La rimonta della Corea del Sud
Inizia con un successo in rimonta il Mondiale della Corea del Sud che a Guadalajara riprende e sorpassa la Repubblica Ceca imponendosi per 2-1. Gioca meglio e si diverte la formazione coreana che però a inizio di ripresa subisce il gol della Repubblica Ceca con Krejci, ma continua a macinare il suo gioco, la riprende e la ribalta con le reti di Hwang In-Beom e Hyeon-Gyu Oh e porta a casa meritatamente i primi tre punti del torneo che permettono agli asiatici di agganciare il Messico in testa al Gruppo A.
Oggi tocca a Bosnia e Usa
Seconda giornata del Mondiale con due gare in programma relative al gruppo B. A Toronto si gioca Canada-Bosnia alle 21 italiane, e sale la rabbia per quel che doveva essere e non è stato. Doveva esserci l’Italia ed invece il pass lo ha conquistato la formazione bosniaca che stasera inizia con tanto entusiasmo la cavalcata mondiale, guidata dall’inossidabile Edin Dzeko che vuole continuare a brillare di luce proprio nell’evento più importante al mondo.
L’ex Roma ci crede: “Nulla è impossibile”
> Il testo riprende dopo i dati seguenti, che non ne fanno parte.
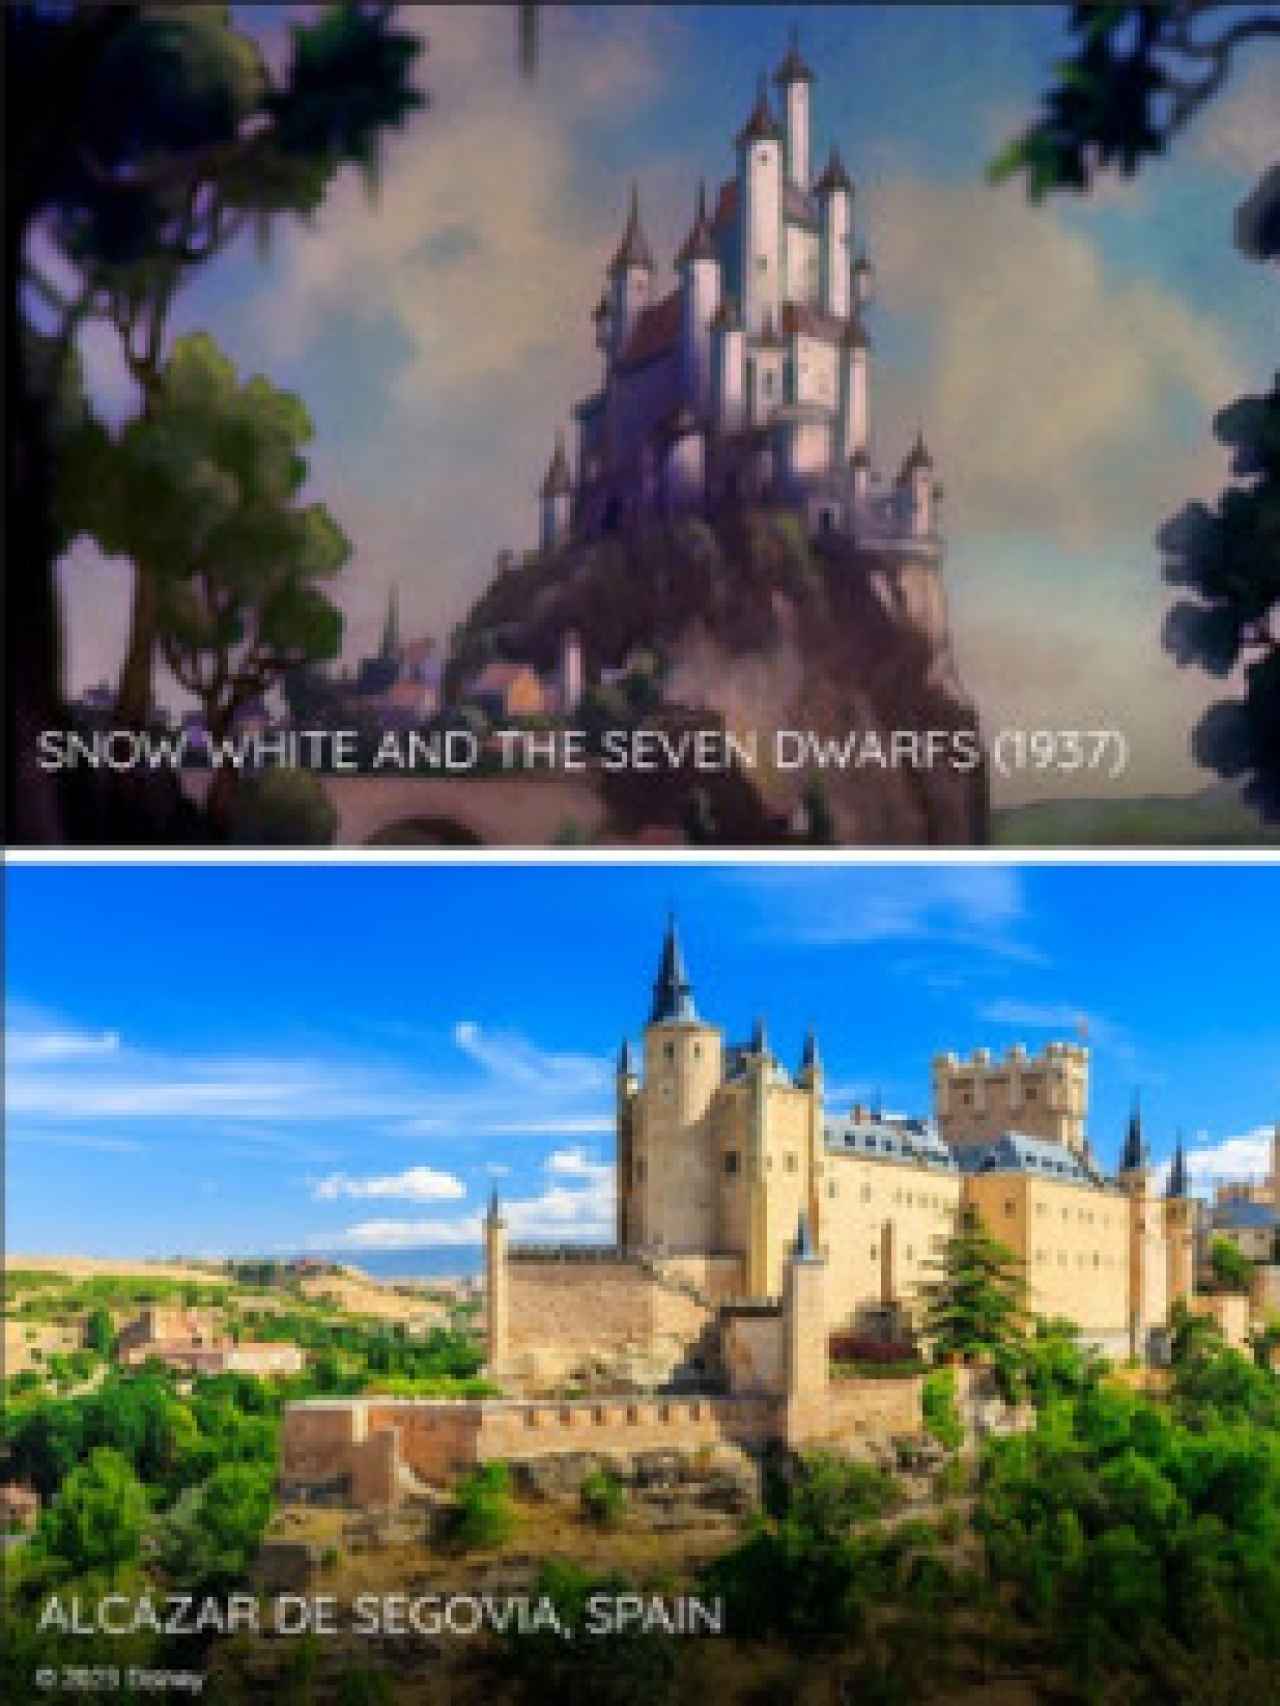 Comparativa entre el castillo de la película (arriba) y el real (abajo).

Una vita a pane e pallone: Wolfsburg, Manchester City, Roma: “Sono cresciuto con la guerra. All’improvviso, mi sono ritrovato a vivere una favola. Niente è impossibile. Nemmeno portare la Bosnia ai Mondiali, e ci siamo riusciti”. Indimenticabile la notte di Zenica, era il 31 marzo e per i bosniaci, ai calci di rigore, si spalancavano le porte del mondiale, mentre l’Italia tornava mestamente a casa. “Quella sera, il solo fatto di trovarmi a Zenica è stato incredibile. Più sto lontano dalla Bosnia, più la amo. Sono passati ormai vent’anni. Di cui nove in Italia. I miei figli sono nati a Roma. È ancora la mia seconda casa. Ma ogni volta che vado a trovare i miei genitori a Sarajevo, e mia madre cucina, e ci sono tutti, sono semplicemente felicissimo. Indossando questa maglia, il mio cuore batte in modo diverso. Gioco per la mia gente. Gioco per i ragazzi e le ragazze delle strade di Sarajevo. Gioco per tutte le diverse culture e religioni che rendono il nostro Paese così bello, anche se alcune persone stanno ancora cercando di dividerci. Non ci riusciranno mai”. E stasera a Toronto, avanti con la nuova missione, quella di far brillare la stella della sua Bosnia.
Il sogno americano
A Los Angeles, quando in Italia saranno le cinque del mattino, tocca agli Stati Uniti di Mauricio Pochettino aprire il Mondiale contro il Paraguay. Le attese sono pari alle speranze quelle della formazione americana che vuole fare non bene ma benissimo in questo mondiale in casa. E non è esagerato sognare, la squadra c’è, illuminata da quel genio di Pulisic che vuole dimenticare l’amara stagione con il Milan e regalare una Mondiale di gloria alla sua America.